As they worked, Brown encouraged the youngsters to think about the techniques they were using. About halfway through, she showed them a photo of a Pollock painting. "What do you think?" she asked. "Are we getting close?"

Caitlin Lydon, 8, going into third grade at Dayton Oaks Elementary, a new school opening this year in western Howard County, decided the work needed more pole shapes. She demonstrated how to do it. "Take a toothbrush, and you take it straight down," she said. Caitlin added that she liked the class because "you get to do activities."

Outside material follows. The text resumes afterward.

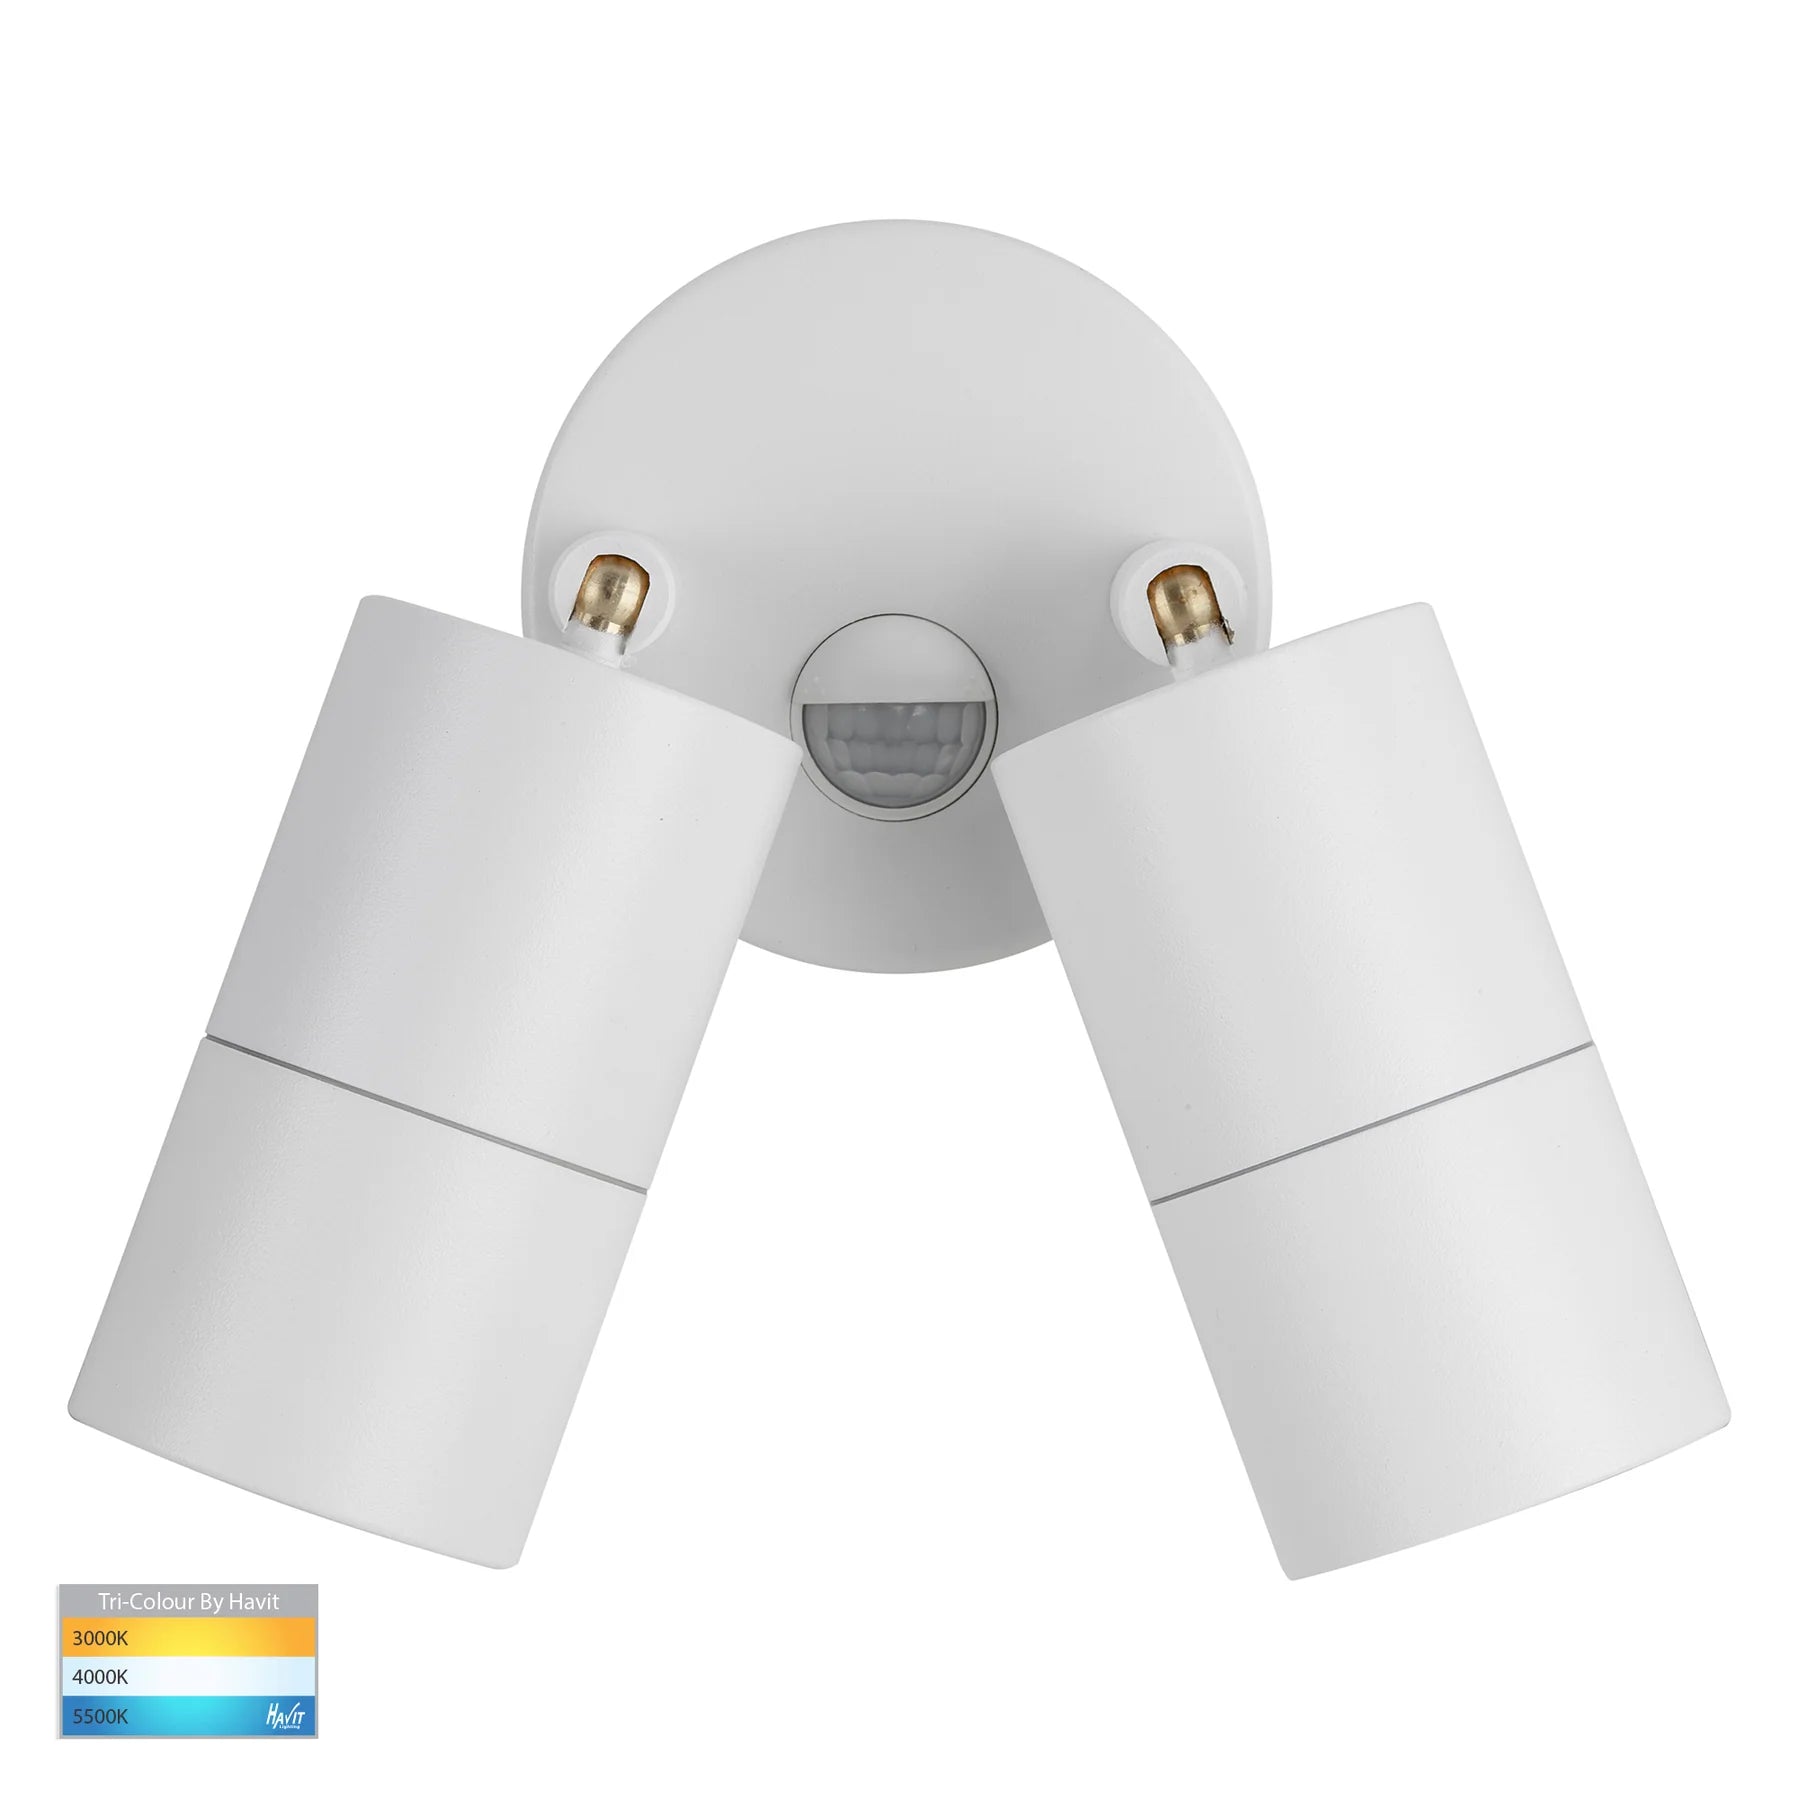 Tivah Double Adj. Wall Pillar Light With Sensor CCT in White Havit Lighting - HV1335T-PIR, HV1336T-PIR - Mases LightingHavit Lighting

Typically, kids work on their own paintings, not a group project, but because it was the first session in a five-week program, "we do something that's very social that gets the ice broken," Brown said.

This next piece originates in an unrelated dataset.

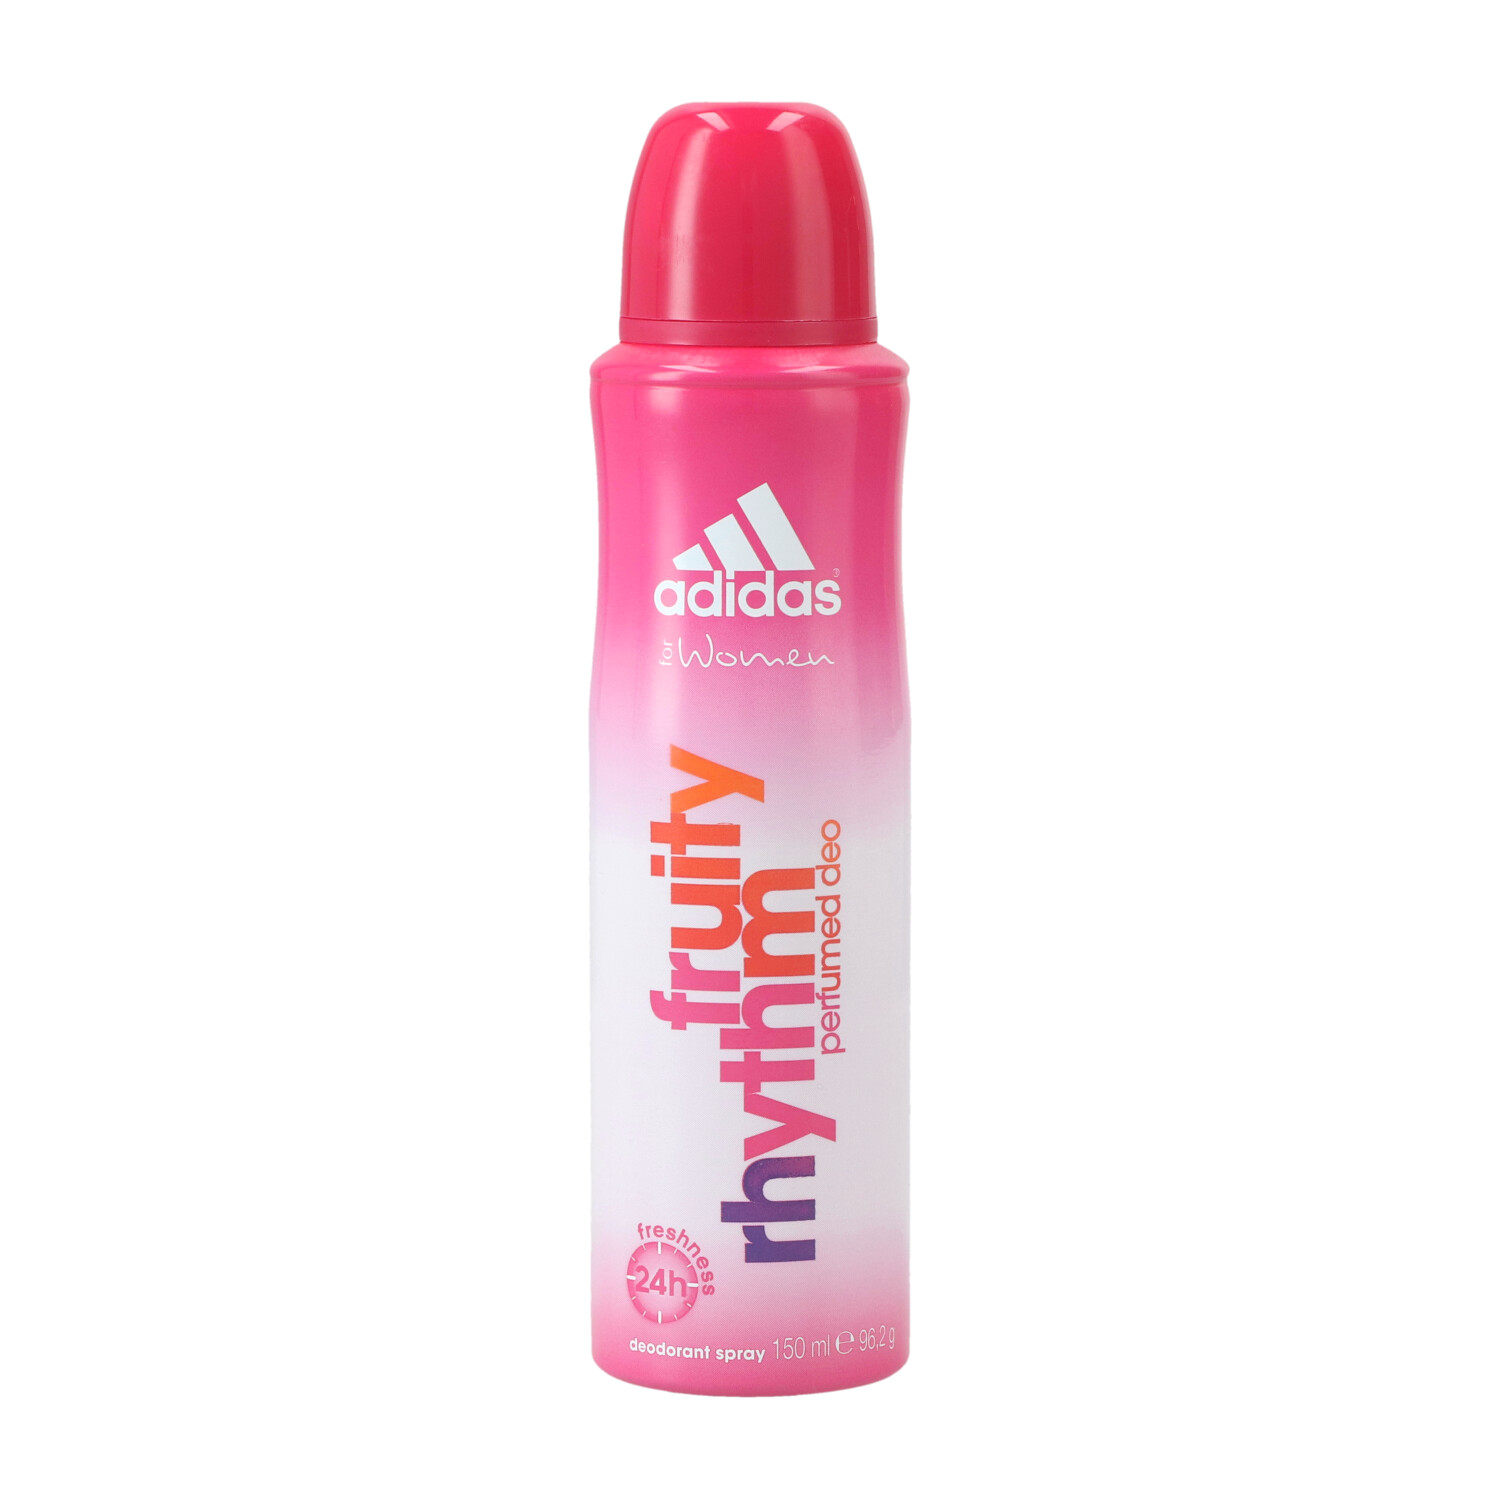 Adidas Fruity Rhythm Deospray for Women 150ml

Brown, a former information technology worker with Sylvan Learning Center, learned about the franchise, based in Reston, Va., from her husband, Bruce Brown, a consultant for FranChoice, a company that matches franchises with potential owners.

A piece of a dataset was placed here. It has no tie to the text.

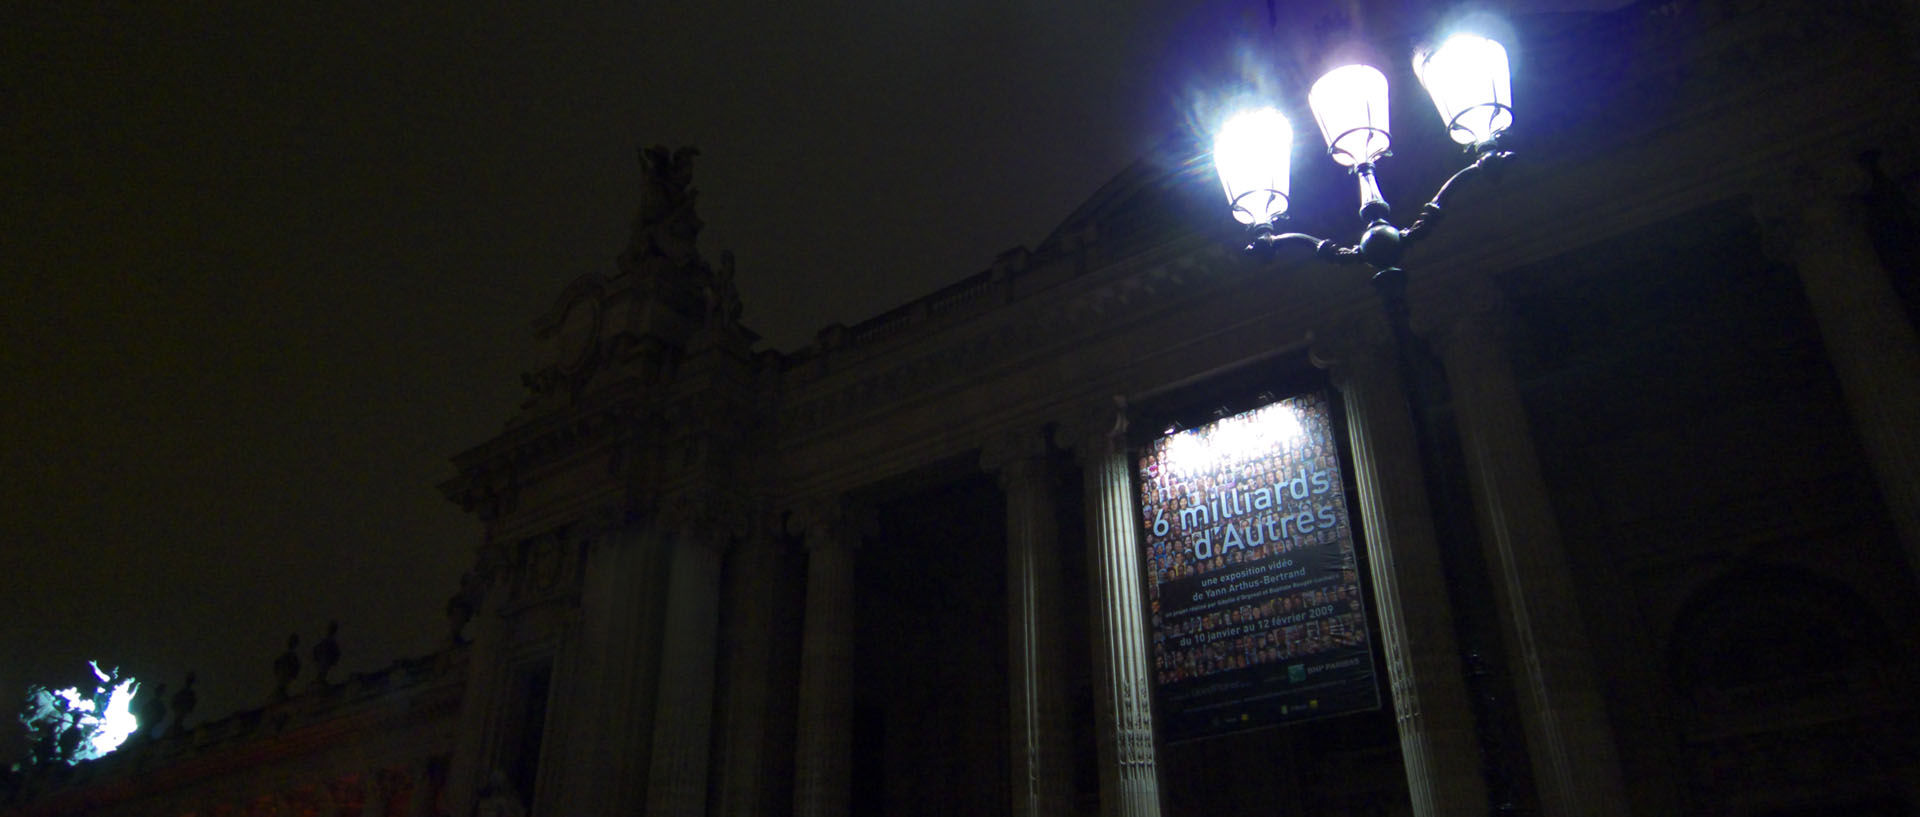 Mardi 13 janvier 2009, 21:19, le Grand Palais, à Paris.

"For me, it just fit everything I was looking for at this point in my life," she said. She liked that it was a home-based business, and that it involved children and art.

"I knew there would be a tremendous market for it," she said.

The idea behind it is something called "process art," which means that kids learn by focusing on the process, not the final product.

At the start of each session, the Abrakadoodle mascot, a stuffed pooch named Splat, introduces the artist of the day and talks about the techniques and materials used by that artist. Then, kids use those techniques to create art. They frame it, sign it, talk about it and take it home. They also take home a strip of paper explaining what they learned, including the day's "arty words," in this case action painting, line and texture.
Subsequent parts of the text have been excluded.